• _Data for review_:
[Start of section]
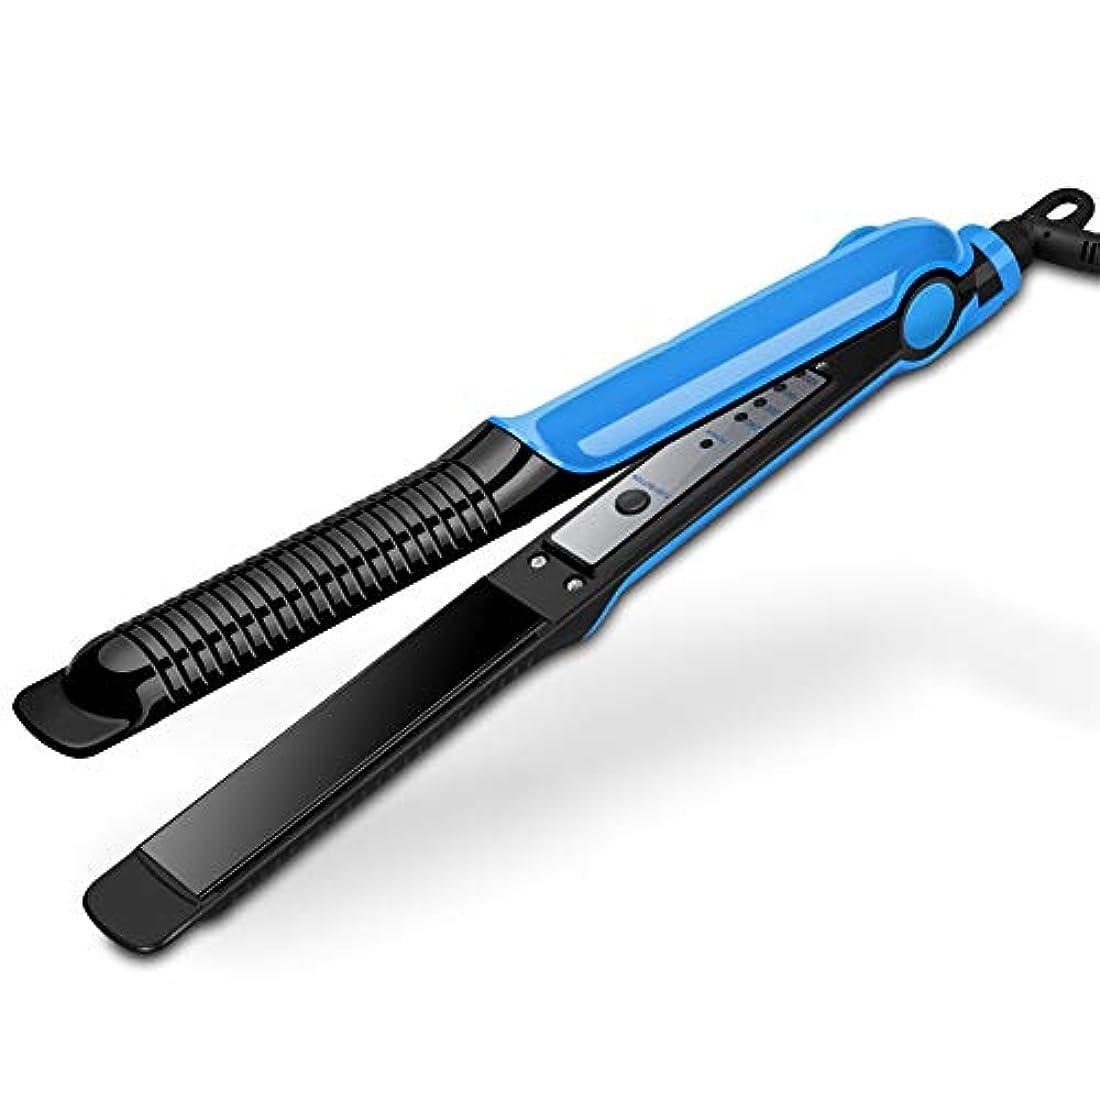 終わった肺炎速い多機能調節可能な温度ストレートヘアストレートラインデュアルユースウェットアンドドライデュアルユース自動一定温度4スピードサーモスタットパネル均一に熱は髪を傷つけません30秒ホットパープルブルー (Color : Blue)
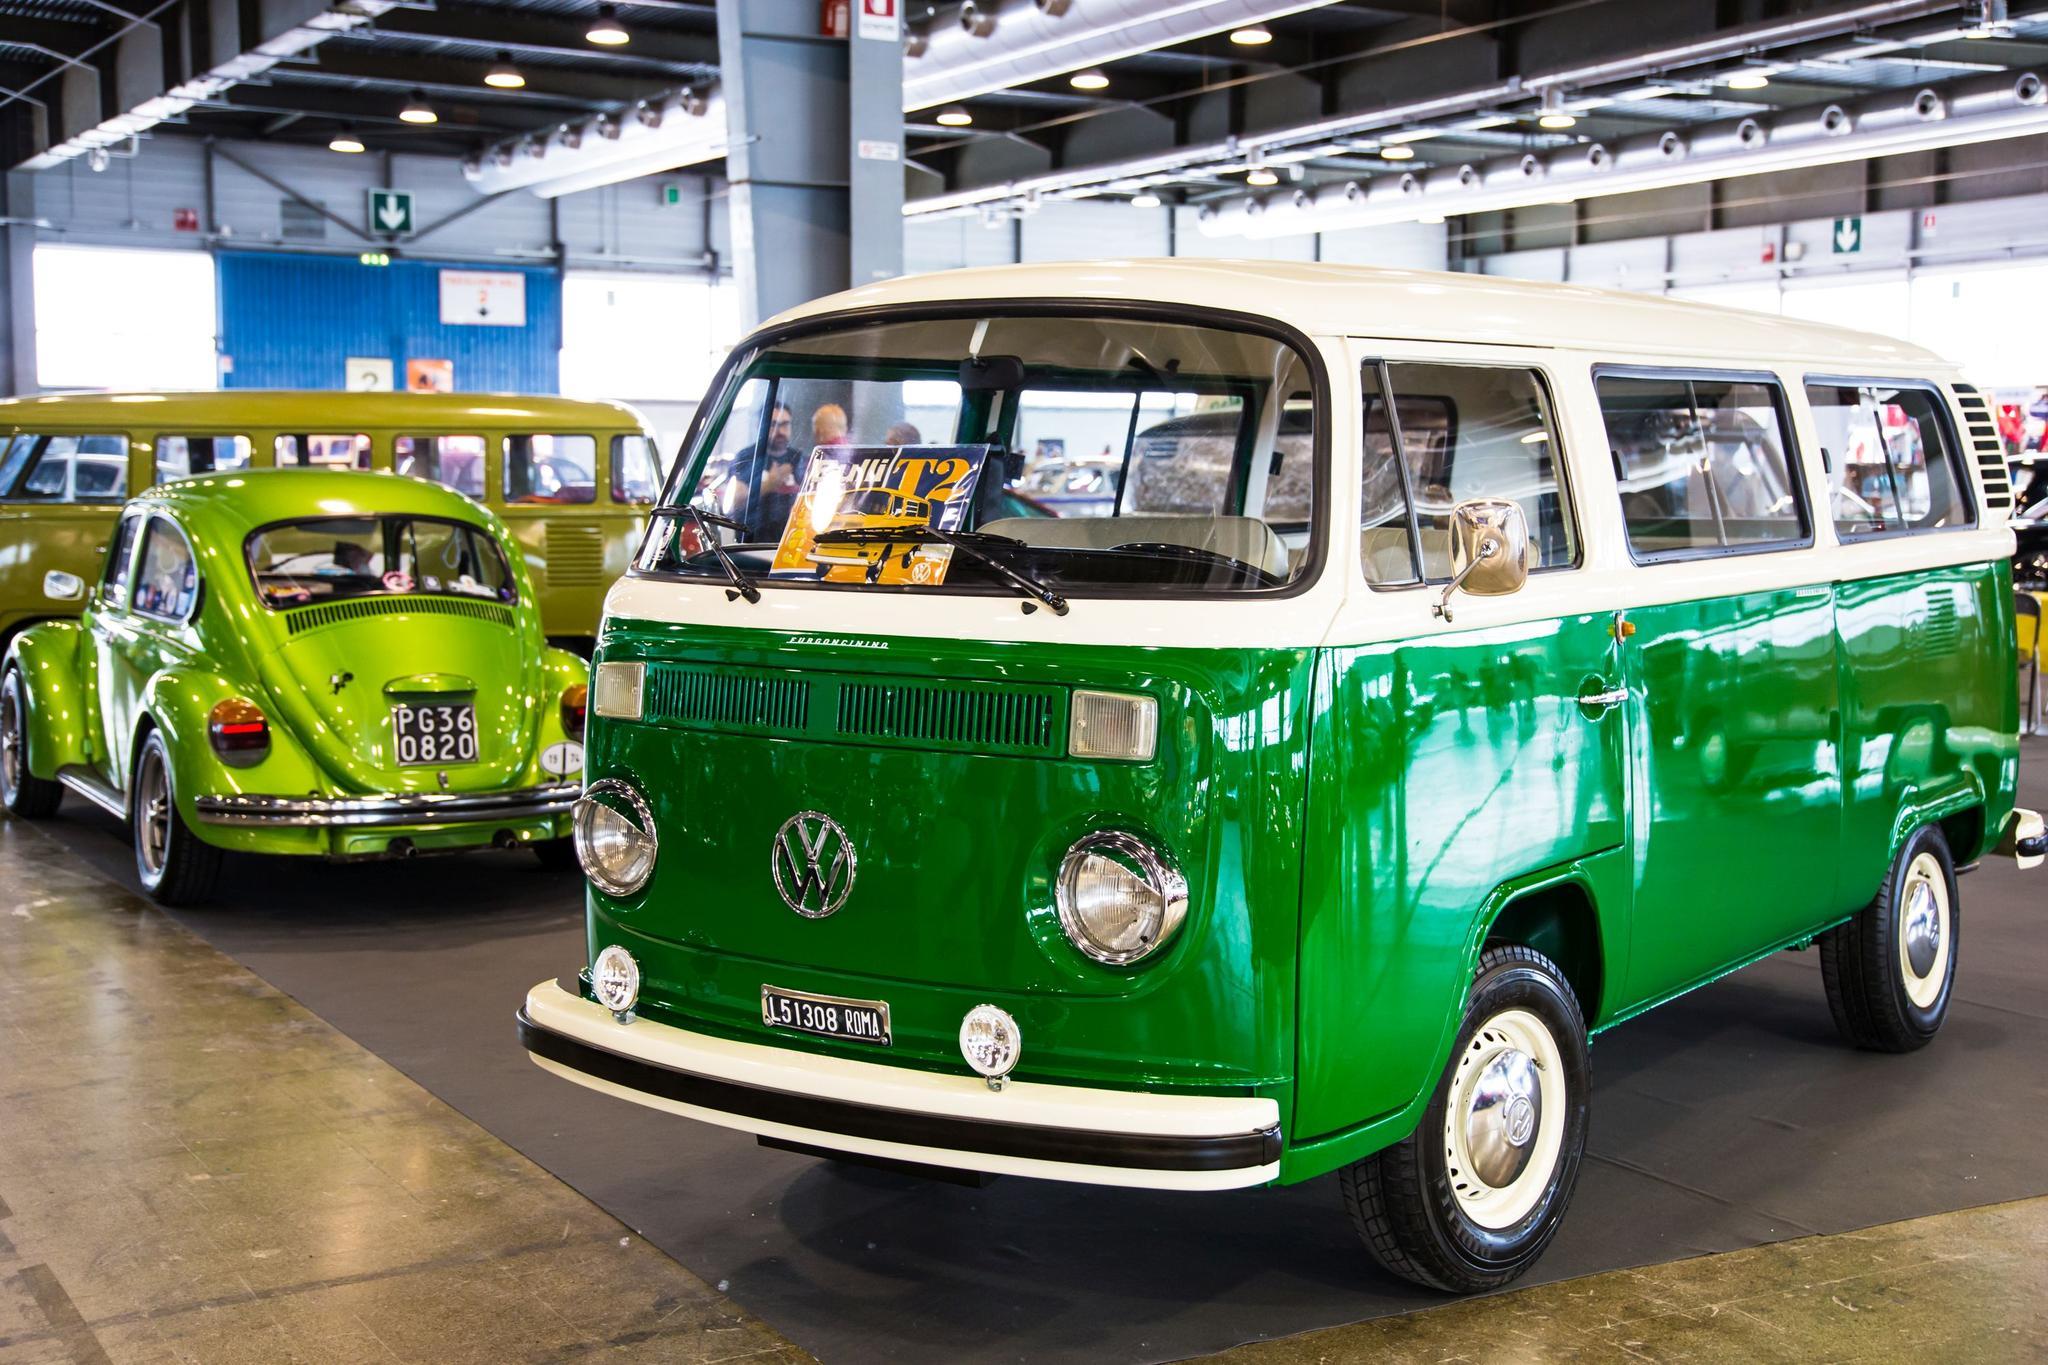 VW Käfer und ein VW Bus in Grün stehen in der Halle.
[End of section]
[Start of section]
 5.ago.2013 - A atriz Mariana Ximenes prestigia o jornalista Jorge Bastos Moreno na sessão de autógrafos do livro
[End of section]
• _Your instructions_: Out of the records above, please copy exactly the lines from the line with "(Color : Blue)" up to and including the line with "VW Käfer und", minus the pictures.

• _Response_:
 終わった肺炎速い多機能調節可能な温度ストレートヘアストレートラインデュアルユースウェットアンドドライデュアルユース自動一定温度4スピードサーモスタットパネル均一に熱は髪を傷つけません30秒ホットパープルブルー (Color : Blue)
 VW Käfer und ein VW Bus in Grün stehen in der Halle.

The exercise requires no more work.